We will implement a very simple tracking algorithm, called the centroid tracker, because it tracks the center of each object. The assumption is a new object in the new frame hasn't moved much since the old frame. Therefore, a new object is the same object in the old frame with the closest proximity. To do this, for every new object in the new frame, we calculate the center of the object (xc,yc), and find the object in the old frame that is closest to xc,yc. This works as long as the objects aren't too close to each other (avoiding merging and splitting), don't move too fast, and don't go in and out of frame. Once we do all the matching, any left over old objects are called **orphans**. They either left the display or we experienced detector dropout. Any left over new objects are called **newborns**, they either just came into the frame are are produced by detector **dropins**. In the next section we will go into more detail on tracking failure modes.

**Tracking Failure Modes**

The simple tracker works well when there are just a few objects and they don't cross or touch each other. However, there are several conditions that will cause tracking errors. We will consider three cases; when objects move in and out of frame, when objects in frame overlap each other, and when the detector fails. I'll now describe some cases where the simple tracker will fail. In the first case, if an object moves out of frame, it will disappear from the new frame creating **orphans** (old object that doesn't have a corresponding new object).

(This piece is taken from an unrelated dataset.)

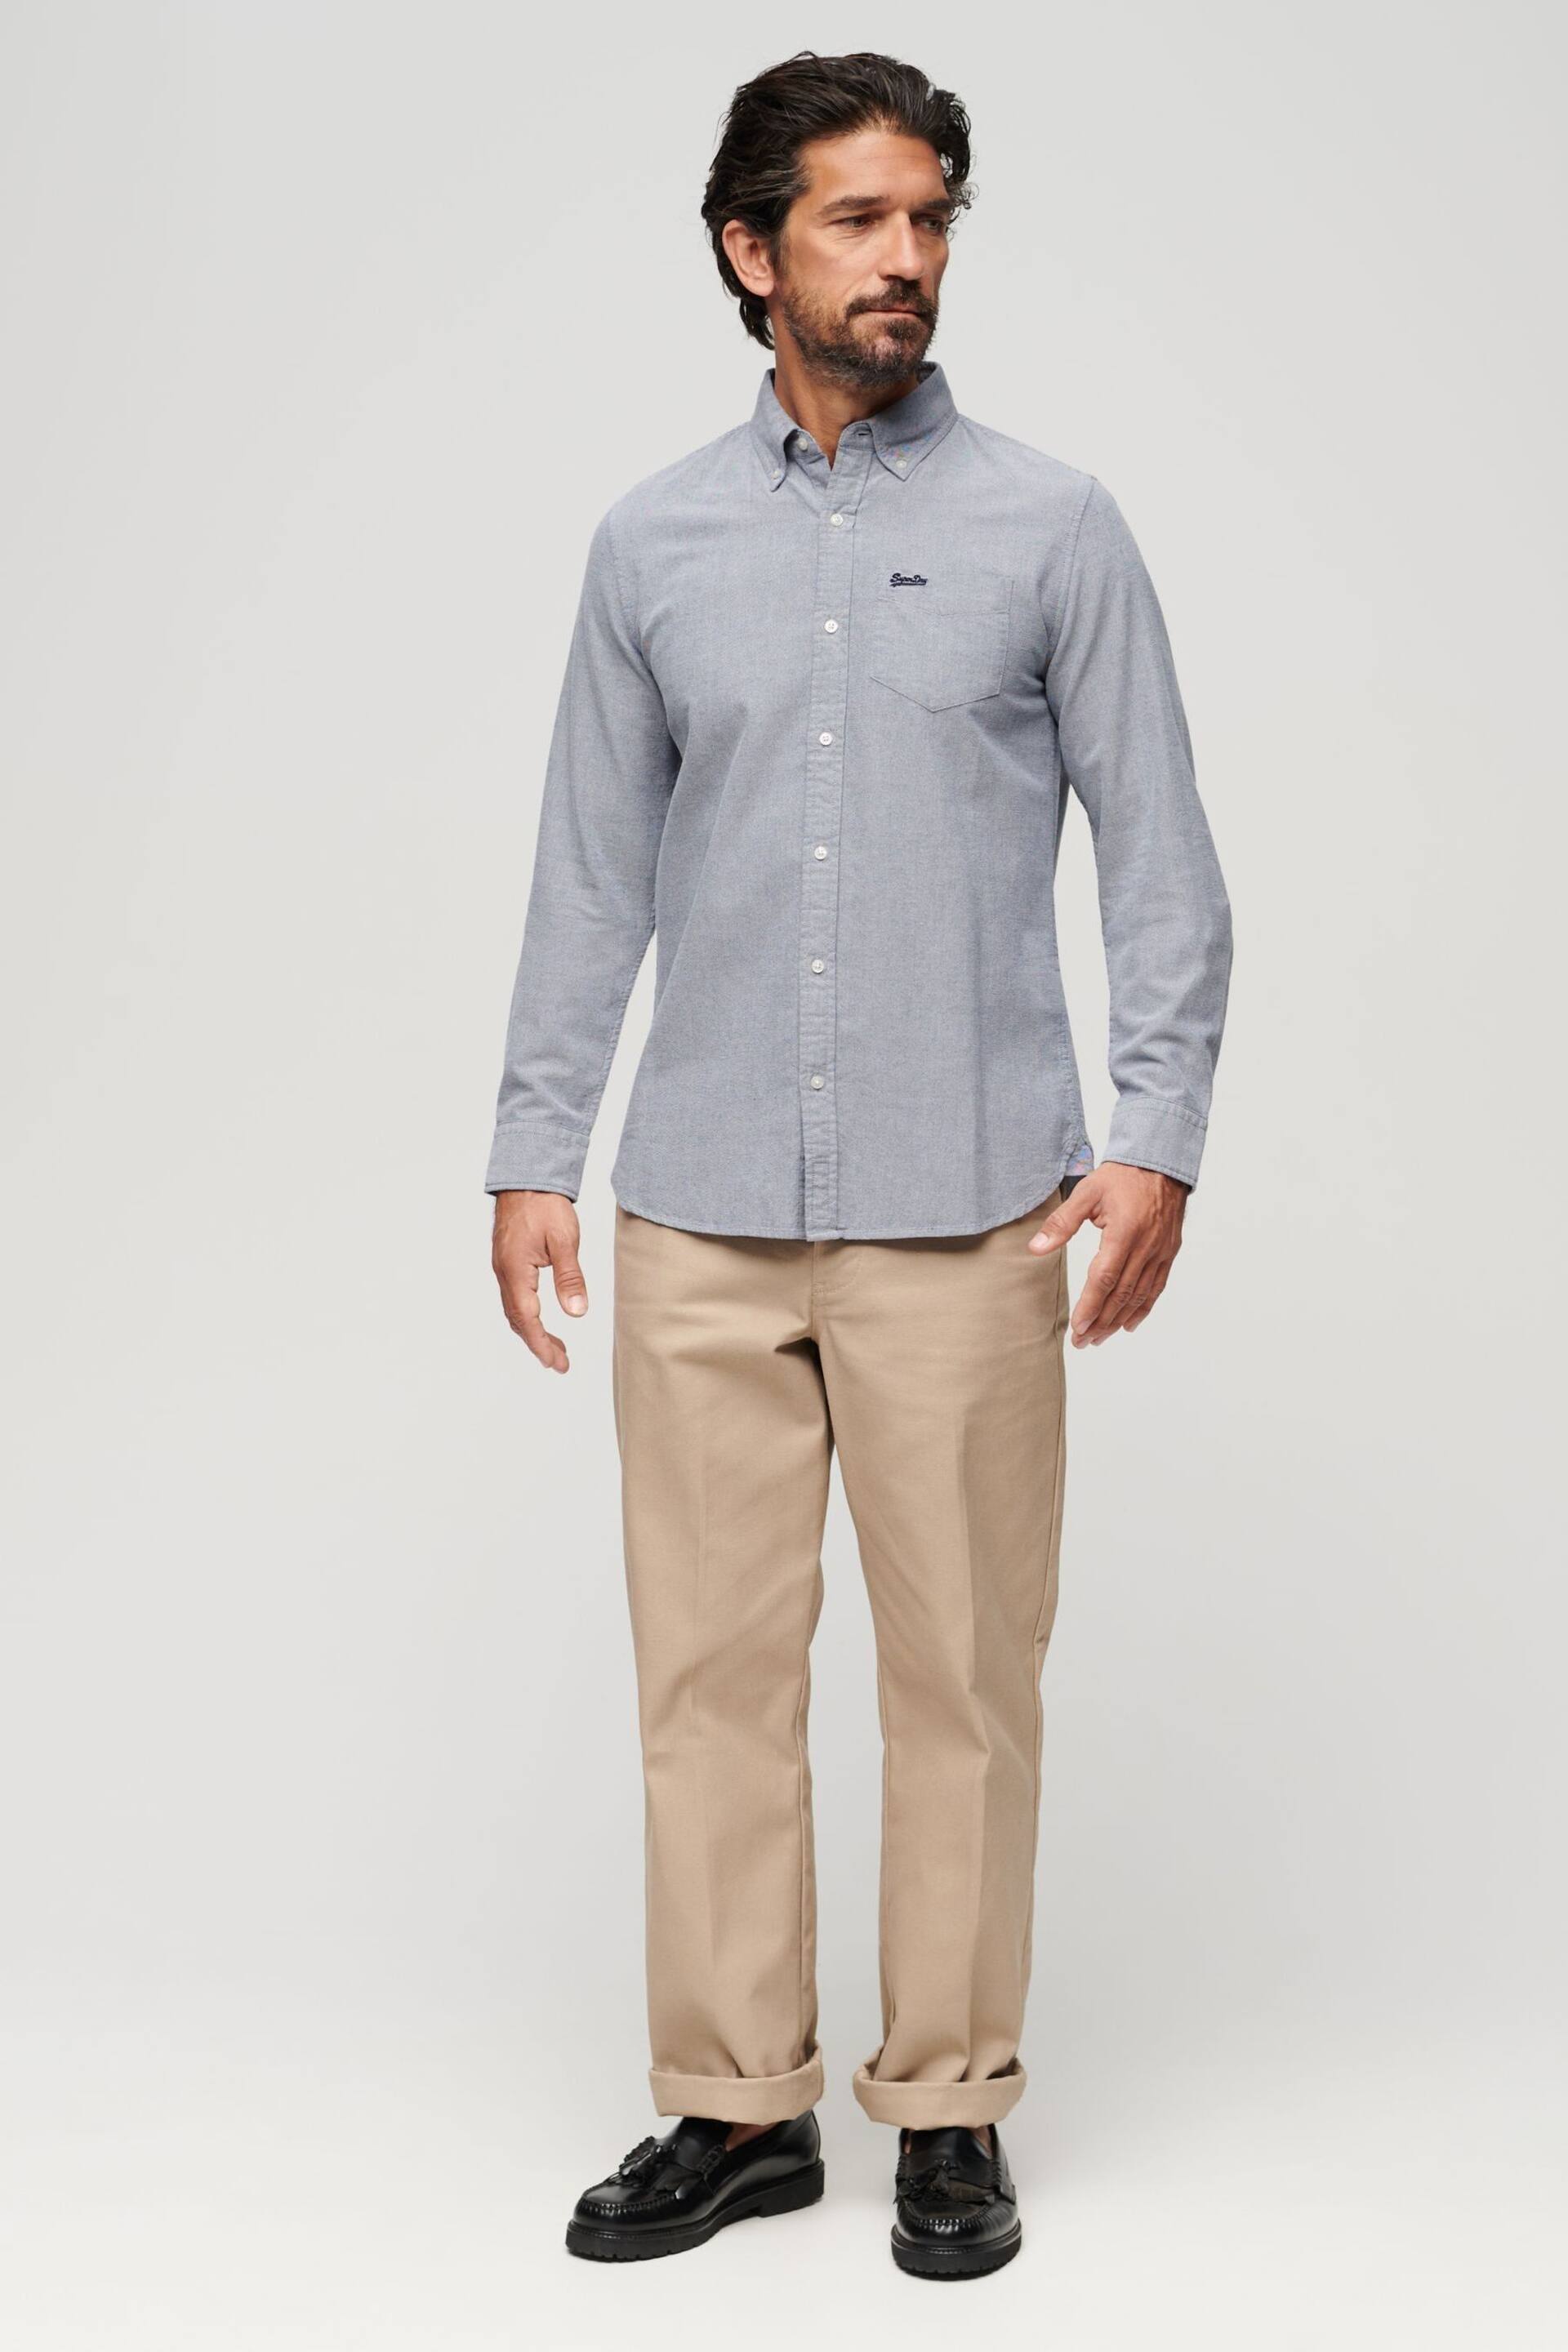 Superdry Blue Cotton Long Sleeved Oxford Shirt - Image 3 of 6

Conversly, an object can move into the new frame, it will not be in the previous frame, and will appear in the new frame (**newborns**). 

In the second case, when two objects in a previous frame, overlap in the current frame, they will be considered one object, a condition we call **merging**. Conversly, when two objects that were merged in a previous frame, separate into two distinct objects in the current frame, we call this **splitting**. 

In the third case, the detection is faulty. For the simple detection method we are using, this happens when there is variation in the object brightness from frame-to-frame and the brightness is near the quantization threshold. When the brightness dips below the threshould, the object is not detected, and disappears. We call this **dropout**. When the brightness increases above the threshold, it reappears (let's call it **drop-in**), often giving the appearance of **blinking**, alternating between appearing and disappearing.

In conclusion, if the object count in the current frame is less than the object count in the previous frame, an object left the frame, merged with another object, or detector dropout has occured. If the object count in the current frame is greater than the object count in the previous frame, an object entered the frame, splitting, or detector drop-in has occured. 

**Going Further**

If you would like to learn about eight object tracking implementations provided in the OpenCV library, check out this link https://pyimagesearch.com/2018/07/30/opencv-object-tracking/

**Loading the Video**

Mount Google drive through using drive.mount('/content/drive') Ceate a shortcut to the class Google Drive home directory to the location where the data is: Open the class Google Doc Folder https://drive.google.com/drive/folders/17dFdrIbTp8RjivAuOiLNyb8pTqZ8QqgL ("SCIP_IMAGE_PYTHON_2022"), Right click on "SCIP_DATA",click "Add shortcut to drive".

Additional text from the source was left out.